REQUIRED WORK ▸
Start at the line that contains "Wool felting beaded" in the listing below and extract every line through the last, exactly; leave pictures out.

STORED DATA ▸
------------------------
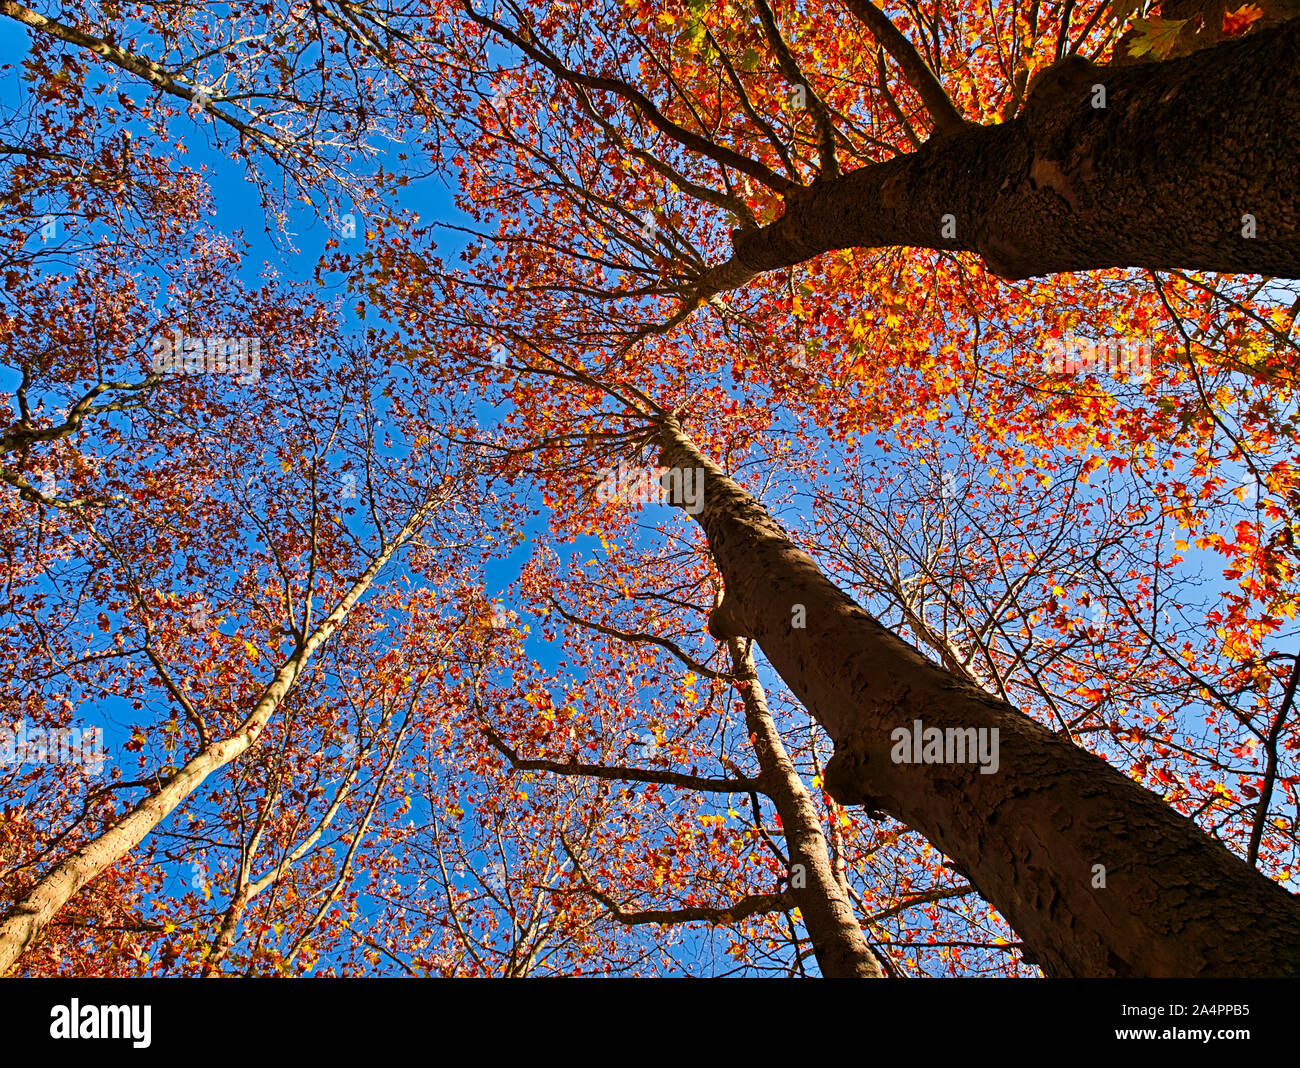 Looking up at vibrant autumn sycamore trees with colorful foliage against blue sky. Stock Photo
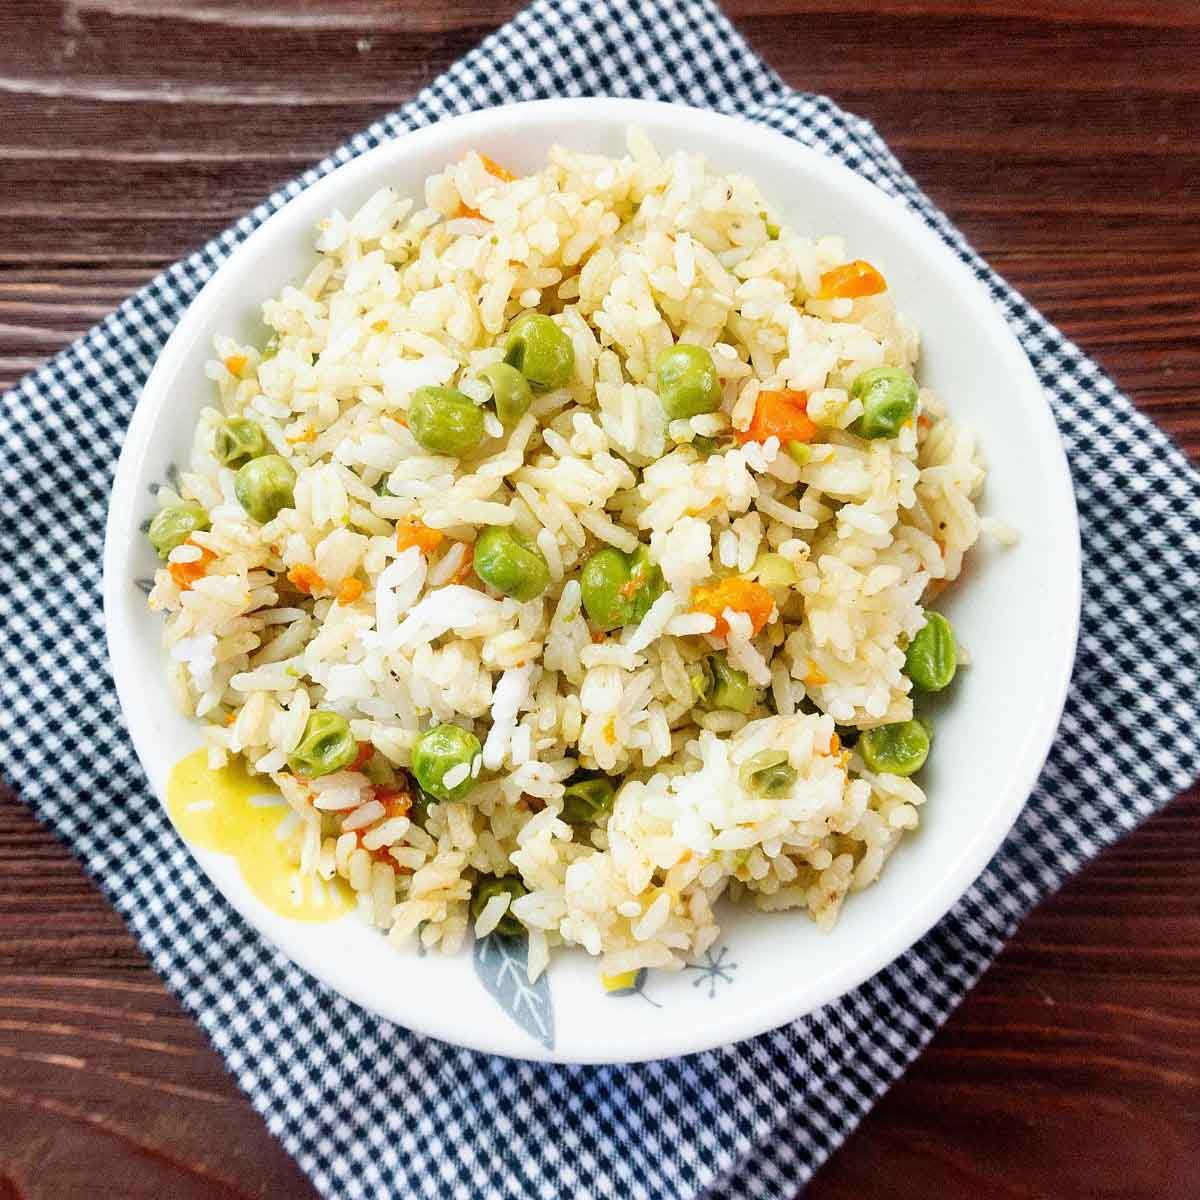 Thumbnail of Instant Pot vegetable fried rice.
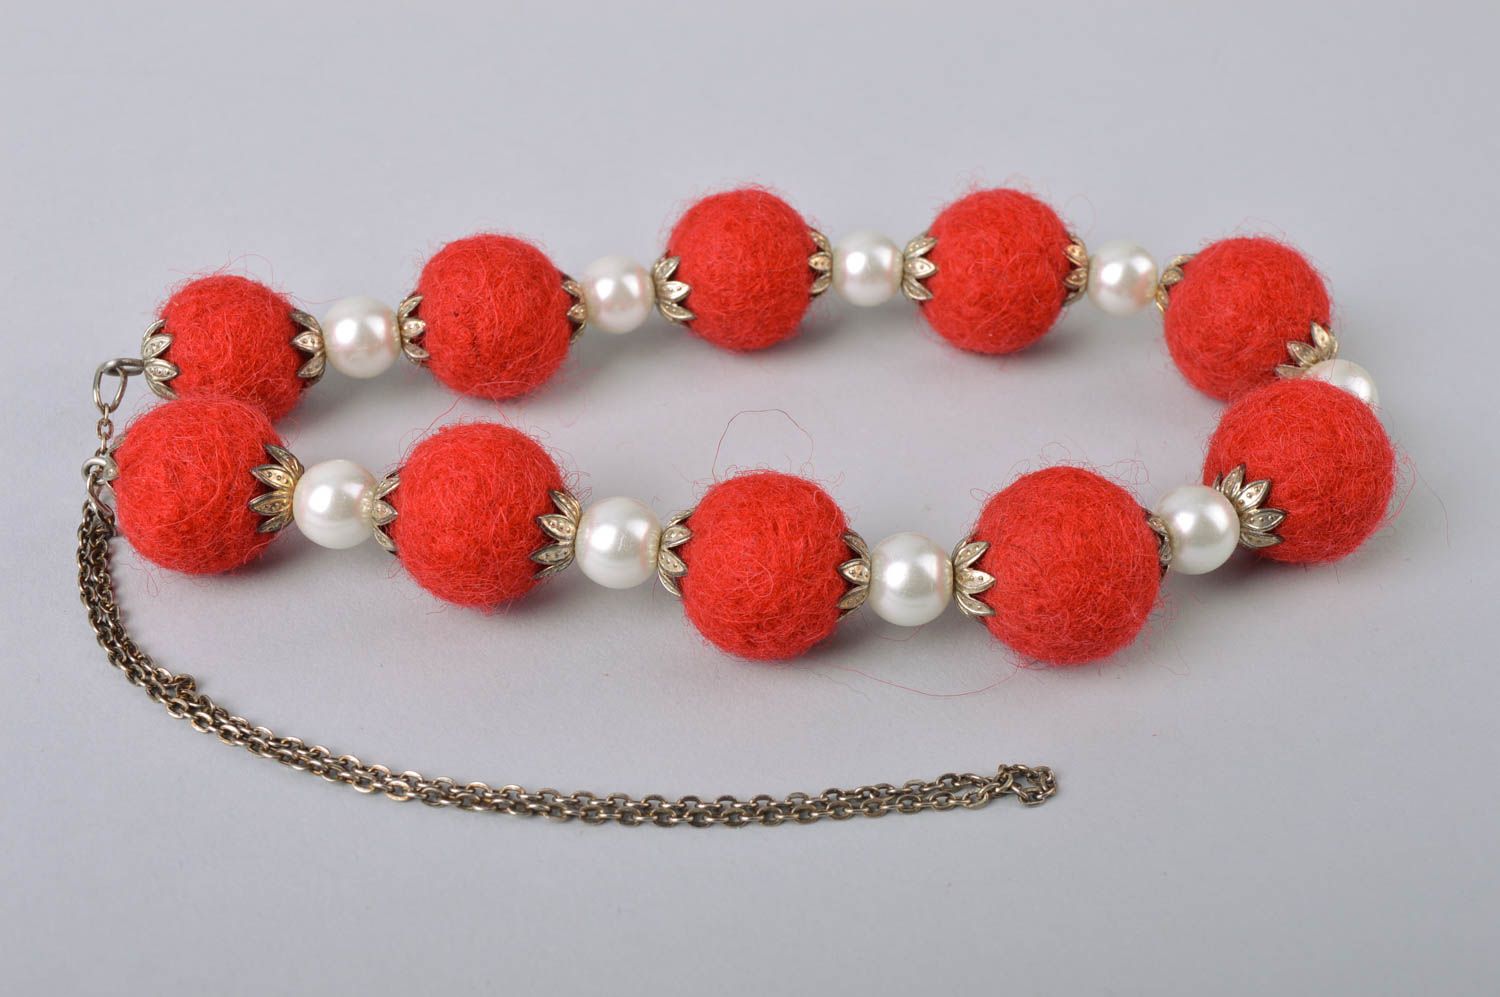 Wool felting beaded necklace with artificial pearls stylish handmade accessory photo 5
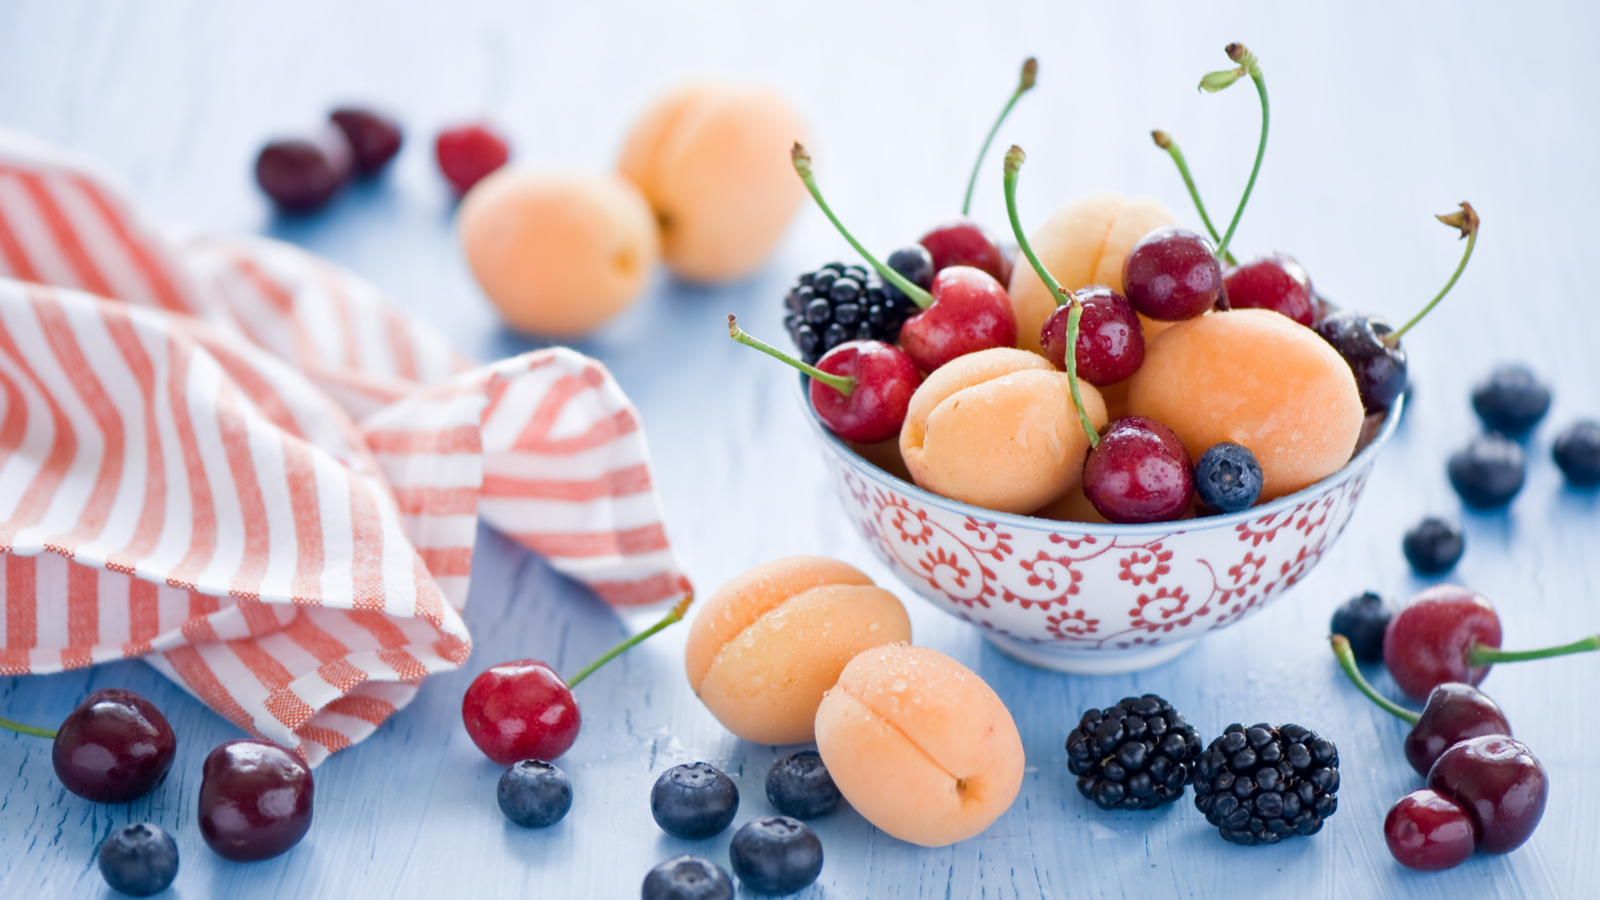 Das Plate Of Fruits And Berries Wallpaper 1600x900
------------------------
RESPONSE AREA ▸
 Wool felting beaded necklace with artificial pearls stylish handmade accessory photo 5
 Das Plate Of Fruits And Berries Wallpaper 1600x900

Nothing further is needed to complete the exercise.